Mapo Tofu-style Cellophane Noodles (Medium Spicy)
Mapo Tofu-style Cellophane Noodles (Medium Spicy)

Hey everyone, I hope you are having an amazing day today. Today, we’re going to prepare a special dish, mapo tofu-style cellophane noodles (medium spicy). One of my favorites. This time, I’m gonna make it a bit tasty. This will be really delicious.

Mapo Tofu-style Cellophane Noodles (Medium Spicy) is one of the most well liked of current trending foods in the world. It’s simple, it’s quick, it tastes yummy. It’s appreciated by millions daily. They are fine and they look fantastic. Mapo Tofu-style Cellophane Noodles (Medium Spicy) is something that I have loved my entire life.

To get started with this particular recipe, we must first prepare a few components. You can cook mapo tofu-style cellophane noodles (medium spicy) using 18 ingredients and 7 steps.
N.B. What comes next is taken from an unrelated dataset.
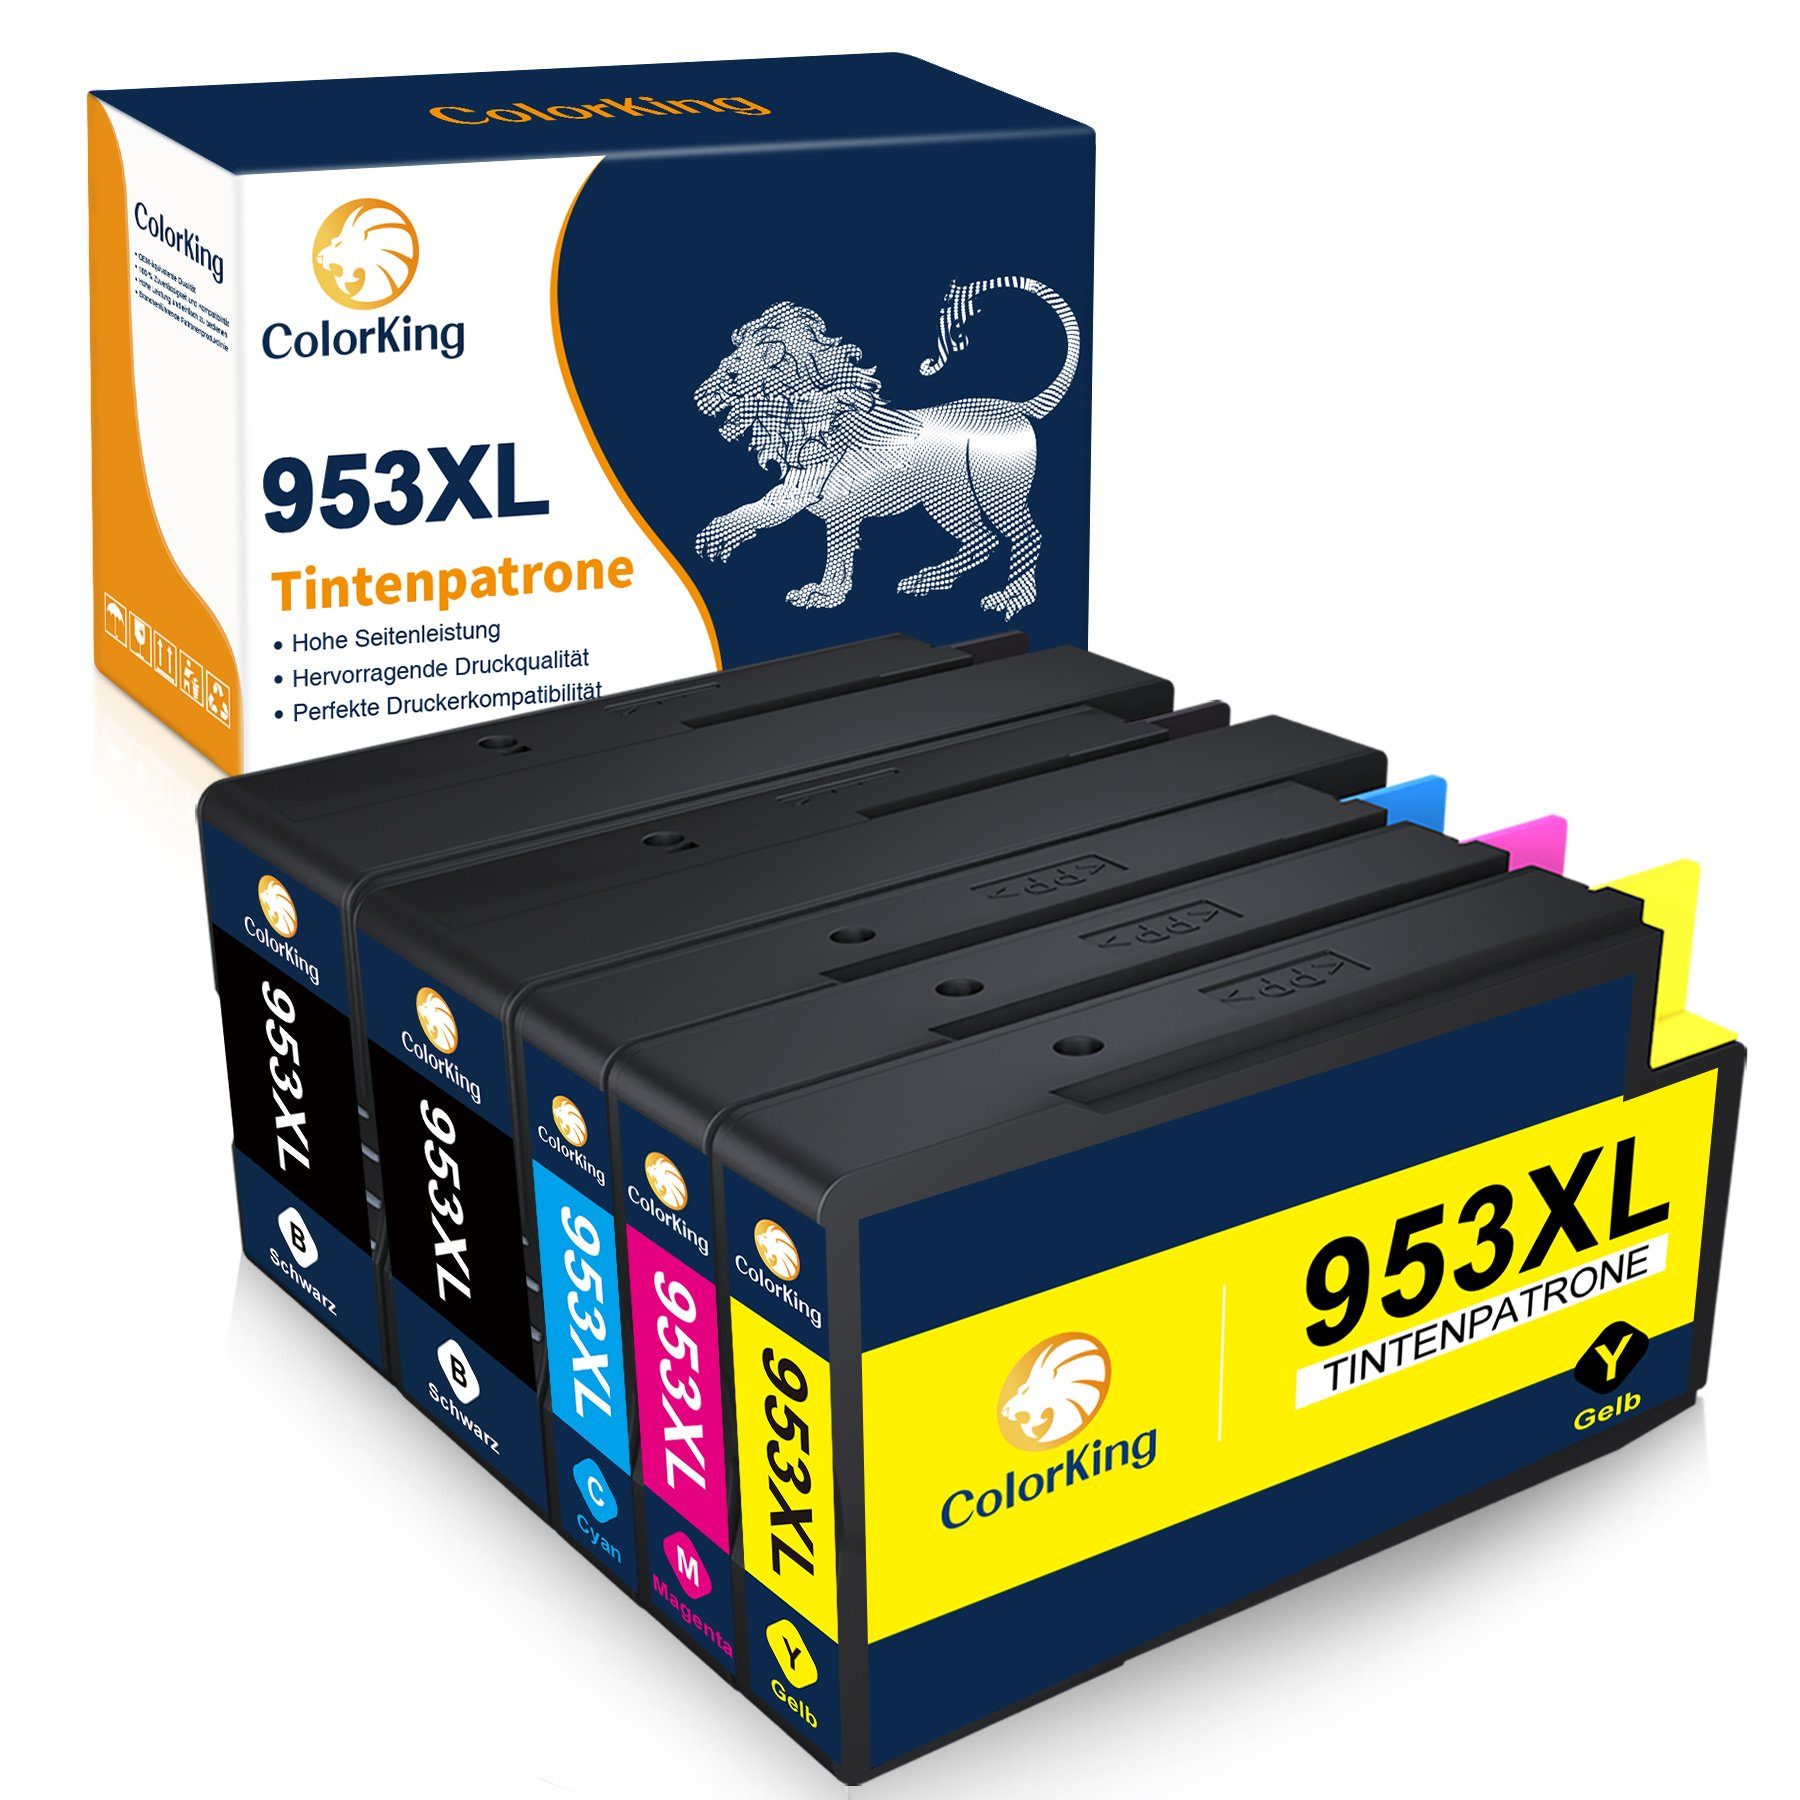 5er-pack=2x Multipack 1x Magenta, für XL 1x Cyan, Ersatz HP Tintenpatrone ColorKing Gelb HP953 953 Schwarz, HP953XL 1x 953XL

Here is how you cook it.

The ingredients needed to make Mapo Tofu-style Cellophane Noodles (Medium Spicy):
  1. Make ready 100 grams Cellophane noodles
  2. Make ready 1 clove's worth Garlic, finely chopped
  3. Prepare 1 thumptip's worth Ginger, finely chopped
  4. Prepare 5 cm's worth Japanese leek, finely chopped
  5. Take 1 tsp Doubanjiang
  6. Take 1/2 bunch Chinese garlic chives
  7. Get 1 as much (to taste) Wood ear mushrooms
  8. Prepare 1 Ra-yu
  9. Make ready 1 Katakuriko mixed with water
  10. Make ready Meat-miso
  11. Prepare 200 grams Ground pork
  12. Get 2 tbsp each Soy sauce, shaoxing wine
  13. Prepare 1 tbsp Tianmianjiang
  14. Prepare Sauce
  15. Make ready 300 ml Chicken bone stock
  16. Take 1 tbsp Oyster sauce
  17. Get 1 tsp Sugar
  18. Take 1 tbsp Soy sauce
Instructions to make Mapo Tofu-style Cellophane Noodles (Medium Spicy):
  1. Make the meat-miso. Heat a pan or wok and stir fry the ground pork. When the pork is crispy, add the shaoxing wine and soy sauce, then add the tianmianjiang. Take the meat-miso out of the pan.
  2. Finely chop the garlic, ginger and leek. Rehydrate the wood ear mushrooms and slice into thin strips. Rehydrate the cellophane noodles by soaking them in plenty of boiling water for 5 minutes.
  3. Put 2 tablespoons of vegetable oil and the doubanjiang into a pan or wok and stir fry. Add the garlic and ginger and continue stir frying.
  4. When the pan is aromatic, add the chicken stock and the sauce ingredients.
  5. When the soup in the pan has reduced to about 1/4 its original volume, season with salt and pepper. Add the katakuriko and water, and the ra-yu.
  6. Add the Chinese chives, mix in quickly and the noodles are done.
  7. It's delicious served on top of rice for a filling meal.

So that’s going to wrap this up for this special food mapo tofu-style cellophane noodles (medium spicy) recipe. Thanks so much for reading. I’m sure that you can make this at home. There’s gonna be more interesting food at home recipes coming up. Don’t forget to bookmark this page in your browser, and share it to your loved ones, colleague and friends. Thanks again for reading. Go on get cooking!